The best TV series ever was The Wire. (Series 1 was the best, 2 was OK but got better, 3 was better than 2 but not as good as the first series. ) It’s really funny as well as utterly engaging.
It’s a gansters vs cops series. The cops aren’t necessarily good and the gangsters aren’t necessarily bad though. The “wire” refers to various forms of electronic surveillance.
It’s accessible in the UK on an obscure Sky backup channel and is currently in series 2 here but you need to see series 1 first to get a taste for it..

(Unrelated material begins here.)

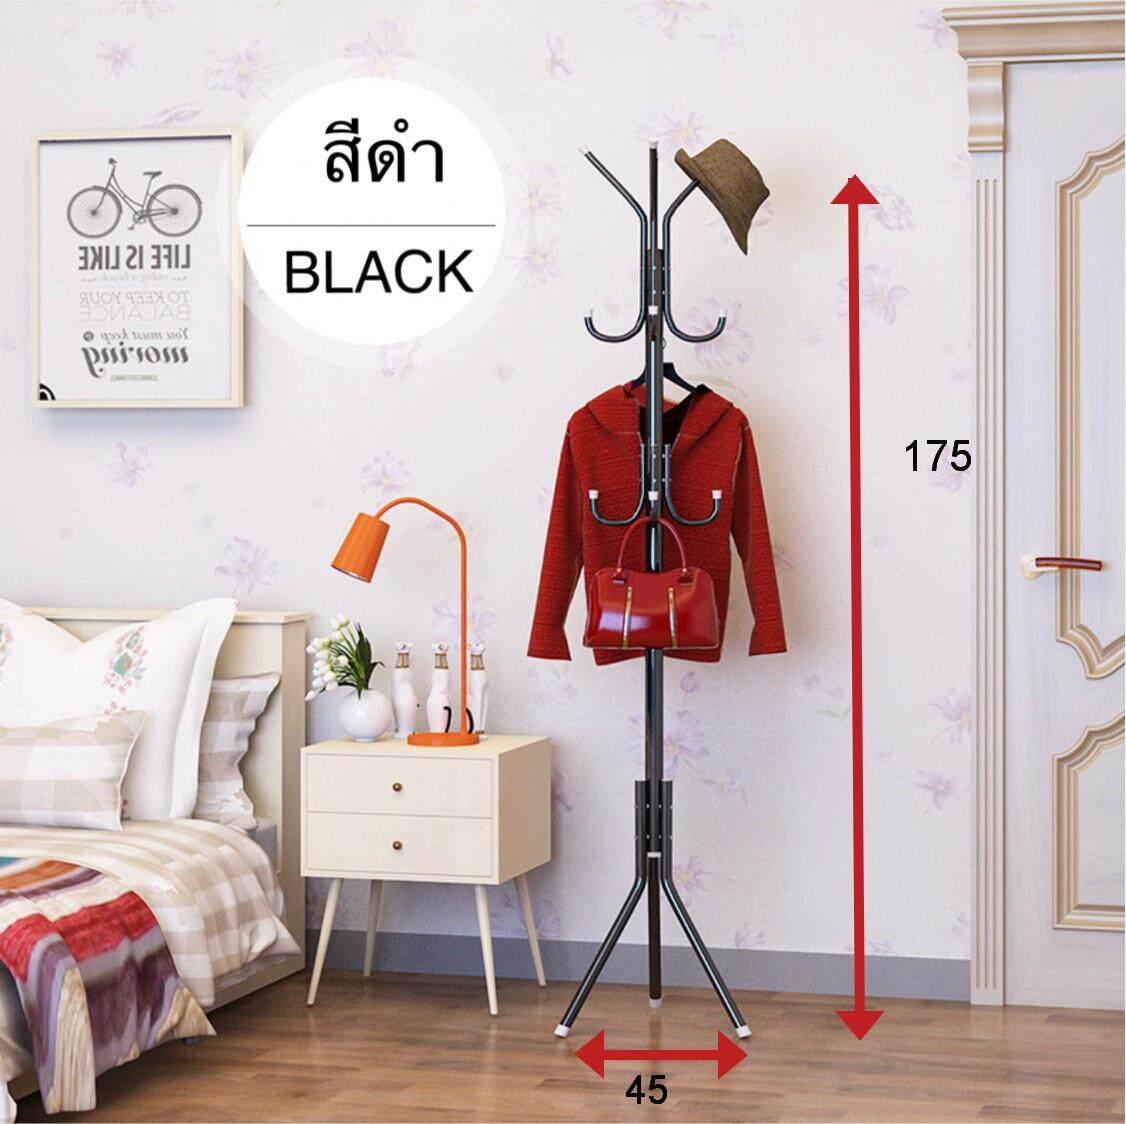 Hst ราวแขวนอเนกประสงค์ ที่แขวนหมวกและเสื้อ ที่แขวนเสื้อผ้า ที่แขวนกระเป๋า ราวตากผ้าโค๊ท 3ชั้น Coat Rack - สีดำ Y - 7 By Home Style.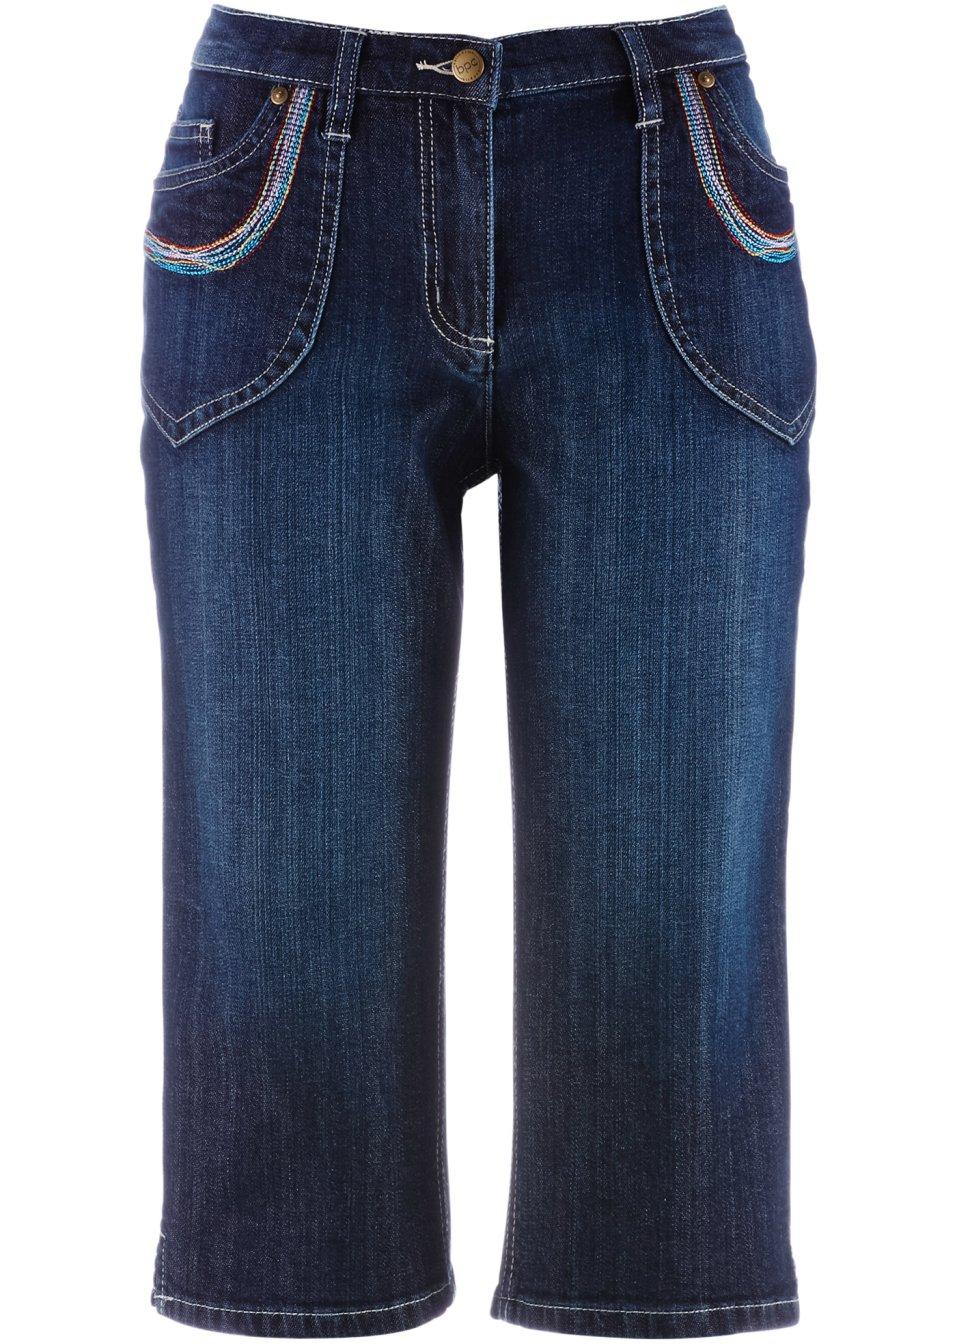 Elastische Jeanshose mit bunten Nähten und Stickerei - darkblue stone iKzuV Z43c9

There is not much to say beyond that, but I will provide some (gushing) reasons to justify my choice:

Standard tv reasons: The dialogue is almost always good and sometimes completely brilliant. Some of the characters are brilliant (eg Omar) Some of the acting is excellent. The soundtracks are good – series 1 has a basically hip hop soundtrack. There is lots of action and suspense. The visual aspect is often stunning. The central character starts off sympathetic (McNulty) but then gets increasingly flawed and irritating. The most sympathetic character is a gangster (di Angelo) who starts to stand up for himself and employ some moral sense but who gets killed because of it in series 2

More intellectual reasons: It looks at serious issues – class and race in US society, the priorities of law enforcement and the pressures on police; alternatives to the murderous state of inner-city neighbourhoods; common factors in the internal politics of gangs and police; the effect of economic change on traditional working class neighbourhoods and their institutions; the way people can be manipulated by community/family/group values, and so on.
It does this without ever pushing the issues down your throat and without ever being less than completely entertaining in the way of a standard cop series.
I think it’s the best tv series I’ve ever seen, although my standards are probably a bit dubious anyway.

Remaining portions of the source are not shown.